CIOs are, by now, familiar with the phrase “fail fast.” It’s the idea that experimentation and getting new products to market quickly can expose flaws and weaknesses (and sometimes all around duds) without all the heavy lifting — and heavy investing. Rather than having to anticipate and fix every possible flaw –a potentially costly process — you let the customer of the product or service tell you what’s wrong.
While failing fast sounds great in theory, how can CIOs build an IT culture that celebrates experimentation when they’re often tasked with figuring out how to spend less and be more efficient with what they have? Is it even worth it? So I’ve been asking experts like Mary “Missy” Cummings, director at the Humans and Autonomy Lab at Duke University, to provide examples of how experimentation works for them and what they get out of it.

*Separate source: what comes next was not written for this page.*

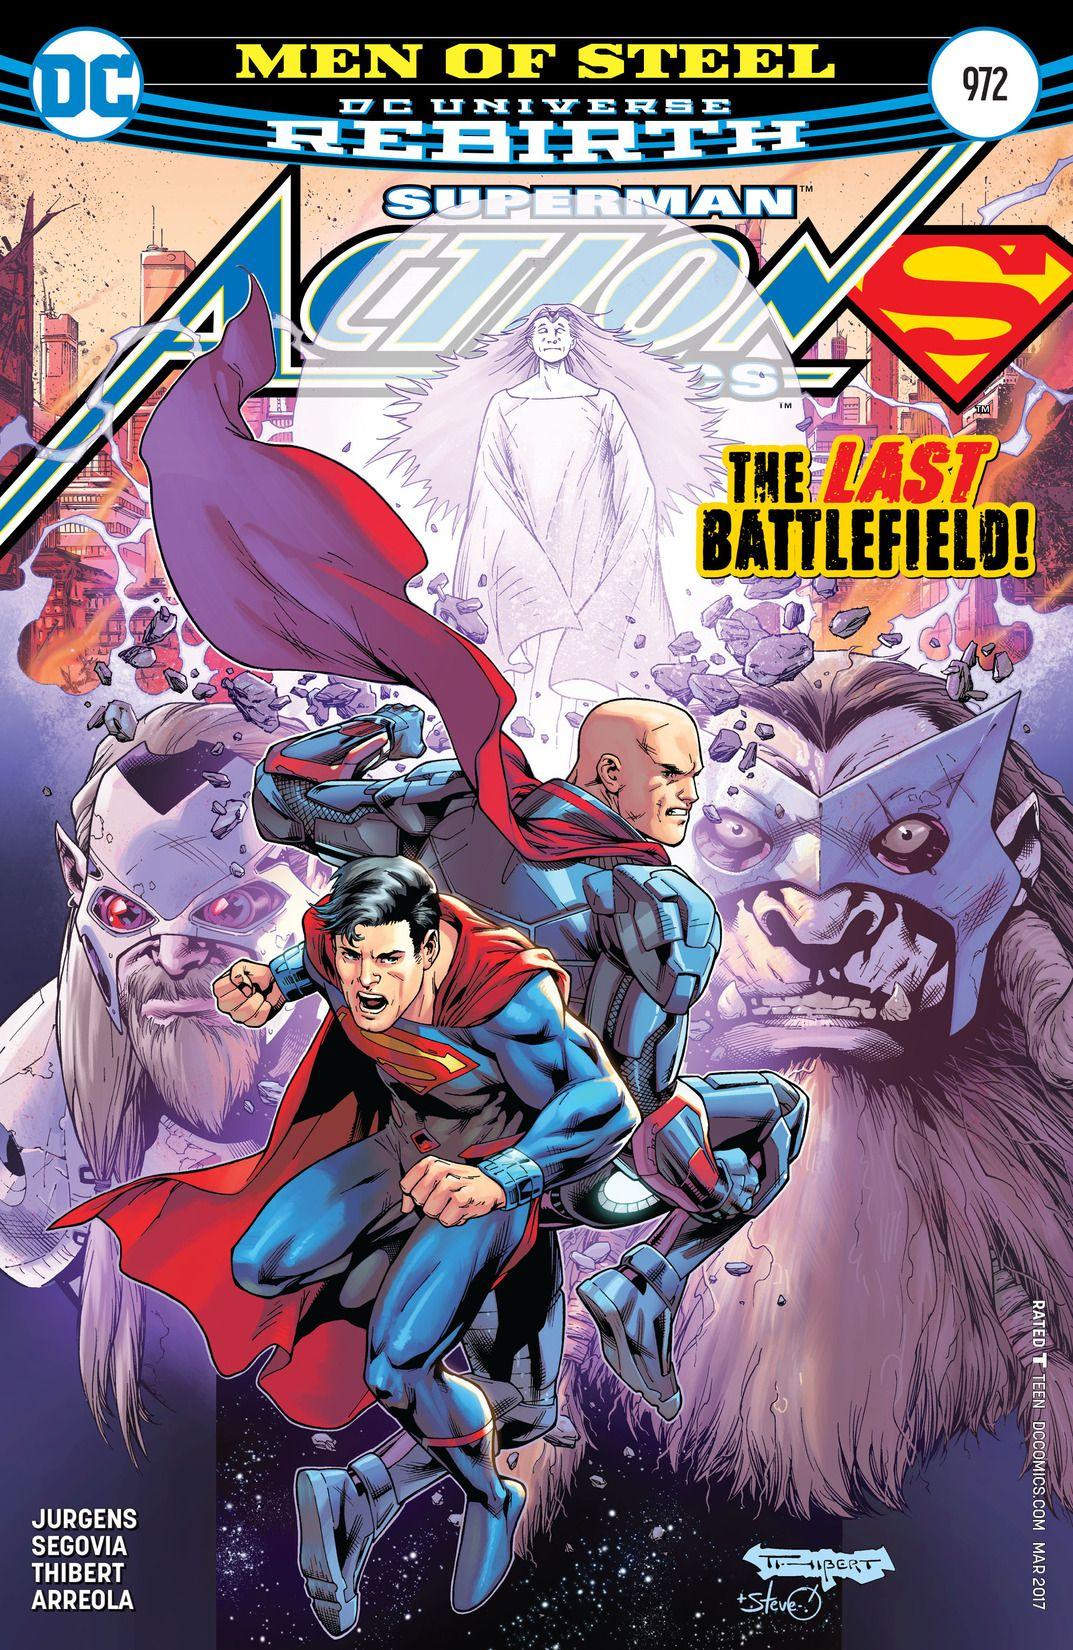 Action Comics Vol. 1 #972

Cummings, who was one of the Navy’s first female fighter pilots, is a researcher and scientist by training, and so the test-and-learn cycle is practically second nature for her. Still, as someone well versed in experimental testing, the results (and the lessons learned based on those results) sometimes surprise even her: expert assumptions are often proved wrong. I spoke with here at the recent MIT Sloan CIO Symposium. Here’s what she told me about the value of experimentation.
Mary “Missy” Cummings: There was a case once where we had single operator control of multiple air and ground unmanned vehicles [also known as drones]. We were watching [the operators] interact with the system and we thought it was a high workload study because we were giving people more and more tasks to do. But it turns out that people are far more capable than we gave them credit for in terms of being able to handle high workloads.
At the same time, we were testing low workloads. We thought that if we slowed things down, people would take a break and they would slow their pace of activity. What we found was that, because of this inherent need for brain stimulation, the lower workload ended up driving people to frenetic activity, and they had substantially worse performance. These were a younger generation of people. They felt they had to get in there and do more work and, thus, caused a lot more problems in the system.
These kinds of results are really important for people to realize that humans have an incredible predictability in unpredictability. It’s important to get that testing in early so that you understand what issues you’re going run up against with your new technology.